Oh pleeeze…at least as early as 2000, OSHA began listing CrVI on its regulatory agenda and noting that about 1 million workers are exposed regularly to CrVI, including during welding operations.  (65 Fed Reg 23014+)   I doubt the judges will fall for their claim.

One of the most troubling statements made during the oral arguments came from the Labor Department attorney in defense of the 5 ug/m3 PEL.

Labor Department attorney: “…I only have a little bit of time left.  I would like to make one general point here, and that is when this rulemaking started, the PEL was at 52 ug/m3.  The Department has brought it down to 5 ug/m3.  That’s 90 percent reduction.   Public Citizen wants to bring it down to 1 ug/m3.  That’s 98 percent reduction.  So all we’re talking about here is the residual risk, this remaining eight percent.”

I’m sorry, but this is not a point spread for a football game.  We re talking about LUNG CANCER and an excess risk of 10-45 cases of lung cases per 1,000 workers at the 5 ug/m3 PEL.    

The DOL attorney goes on:  “Now, if you put that eight percent into the case law which says that OSHA doesn’t have to promulgate a perfect PEL, it only has to promulgate a PEL that’s within the zone of reasonableness, this argument about eight percent seems to me to fall within that zone of reasonableness.  And I think therefore it [the final OSHA rule] should be upheld.”

A “zone of reasonableness”??   I’ve always thought the following were the key issues for OSHA to determine in a rulemaking:

  1. does the hazard pose a ‘material impairment of health’
  2. does the hazard pose a “signficant risk’ (and ideally, can that risk be quantified)?
  3. will the proposed standard substantially reduce the risk?
  4. is the proposed standard technologically and economically feasible in the affected industries?

No mention of any “zone of reasonableness.”

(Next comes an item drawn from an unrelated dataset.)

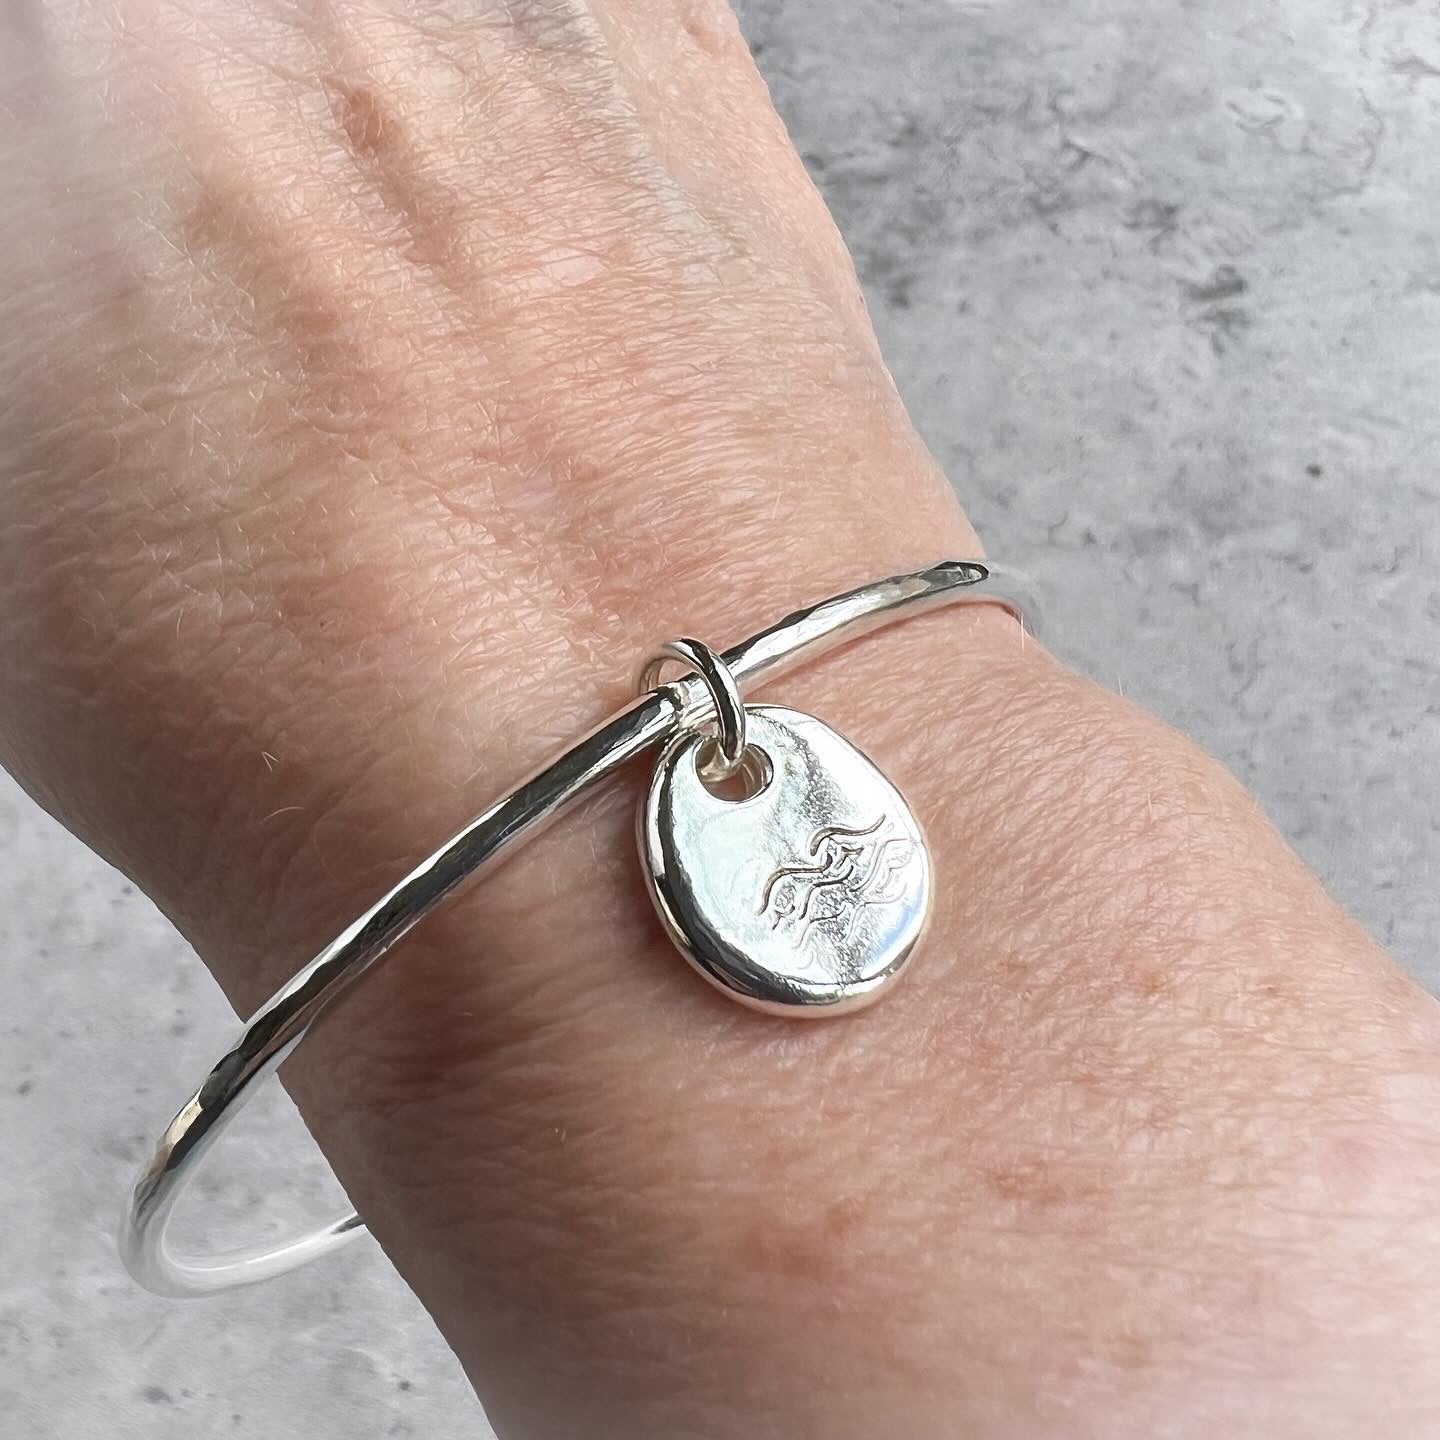 Water Therapy Bangle Bracelet with Wave Charm

On rebuttal, Public Citizen’s attorney noted:

“…I think the issue is not whether OSHA’s rule is in some sort of general zone of reasonableness or that the difference between a 90 percent reduction and a 98 percent reduction is close enough for government work.   …Judge Rendell, you asked about 5 ug/m3 versus 1 ug/m3.  There seems like there’s a big gap there.  OSHA said that these industries can’t meet 1 ug/m3 and then it made the jump up to 5 ug/m3.   I don’t see any explanation in the record as to why they did not consider anything between one and five.    …We argued for a standard less than one.  One is not our ideal number.  But we think that OSHA’s findings reveal that 1 ug/m3 is feasible for everybody.  And at a minimum when OSHA makes those findings that’s what it has to follow through on.”

The three-judge panel may take a few months to write its opinion.   In the meantime, OSHA’s CrVI standard (with a PEL of 5 ug/m3) takes full affect May 31, 2010.